Disclaimer: I wrote the post below for an Advent Meditation for First Presbyterian Church, Houston. http://fpchouston.org/am-site/media/devo-week-one-pdf.pdf

The season of Advent conjures up the image of the pondering Mary. This image is poignant, especially, as I reckon Mary to be a peasant teenager whose dreams of marriage were almost broken by news of the miraculous pregnancy. This Advent, being the tenth consecutive year away from family, my ponderings have been pervaded by the idea of broken dreams.

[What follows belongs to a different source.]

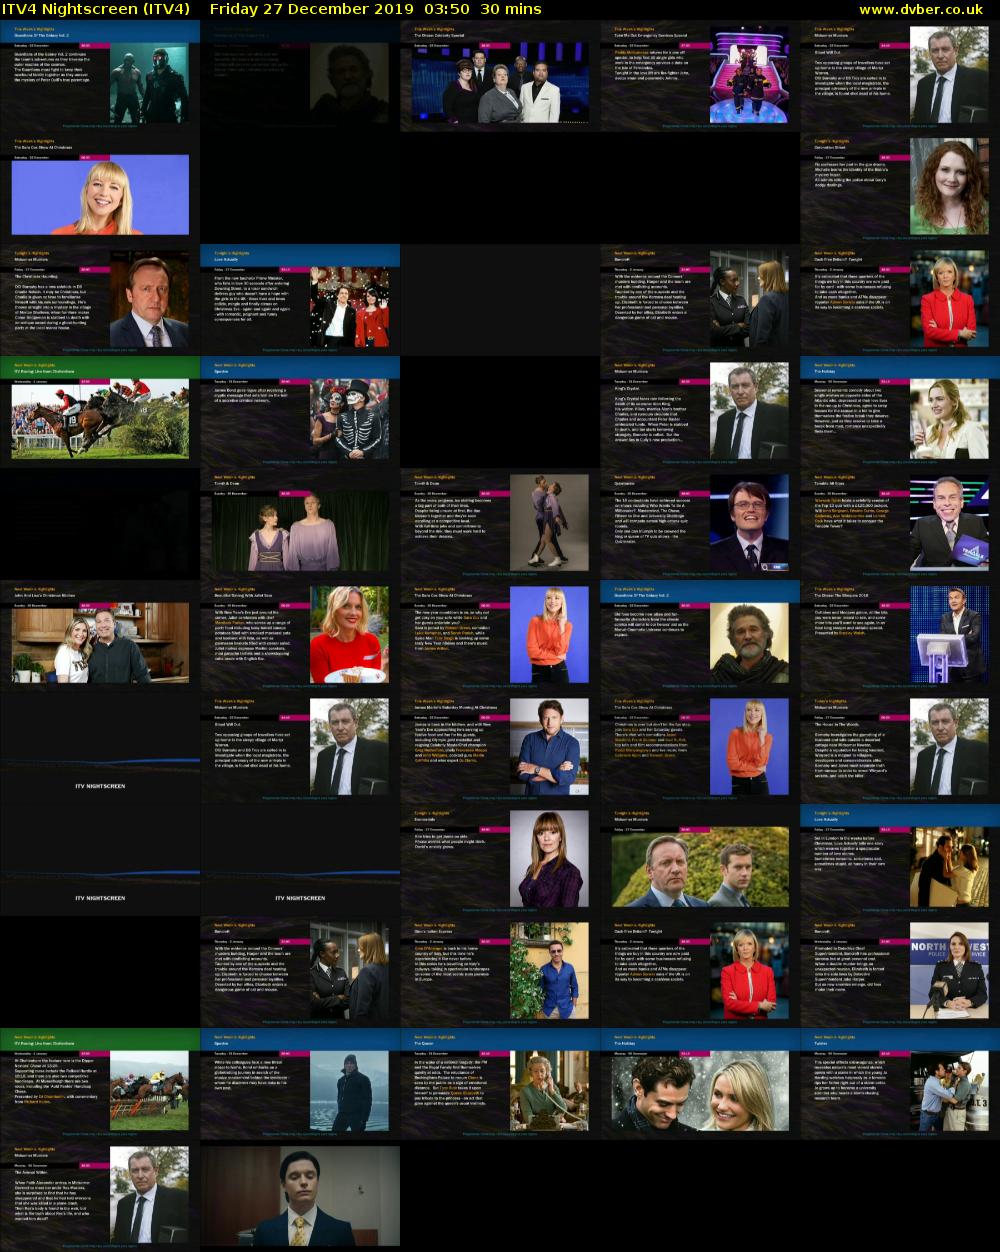 ITV4 Nightscreen (ITV4) Friday 27 December 2019 03:50 - 04:20

Growing up, I dreamed that I would be married and have a family of my own by the time I was like 30 years old. Now at 34, not yet married, feeling unsettled, sometimes it feels like I am living in the wake of the broken dream. Reckoning with broken dreams creates doubts—sometimes doubting God’s provision, other times doubting self-efficacy. The fruit of doubt is shame!

Shame is a significant human emotion in the Bible. When Adam and Eve broke the blessed order of creation, they were overwhelmed by the emotion of shame. Perhaps it shouldn’t be surprising that Luke’s Gospel starts with a story of shame—Zechariah, the old priest at the temple, and his wife Elizabeth who bore the shame of being childless. Theirs was a story of a broken dream. Their story is paradigmatic of all human lives with broken dreams—not having that dream job we always wanted, our spouse not quite living up to our idealized dream/image, our children’s lives getting derailed from their dreams, our loved one dying prematurely or unexpectedly incurring a long-term disability. Our lives are strewn with broken dreams because we live in a broken world.

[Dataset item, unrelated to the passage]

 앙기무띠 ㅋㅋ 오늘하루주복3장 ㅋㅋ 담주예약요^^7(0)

In the run up to the first Advent the elderly Zechariah and Elizabeth had a surprise child who turned out to be the blessed John the Baptist. Their shame was transmuted into an unexpected blessing. Advent is a time that reminds us that our Father in Heaven cares about the hurts and sorrows of our broken dreams. He does not just slap our broken dreams back together the way we want it. Rather, our Father re-forges our broken dreams into unexpected new prospects, pregnant with beautiful blessings.

This Advent we don’t have to be stuck pinning over broken dreams or pondering our doubts or wallowing secretly in our shame. Rather, meditating in the Gospels about the love of our Lord Jesus Christ, we can be moved, by the power of the Holy Spirit, to full faith in our Father in Heaven who re-forges our broken dreams into a new beautiful blessedness!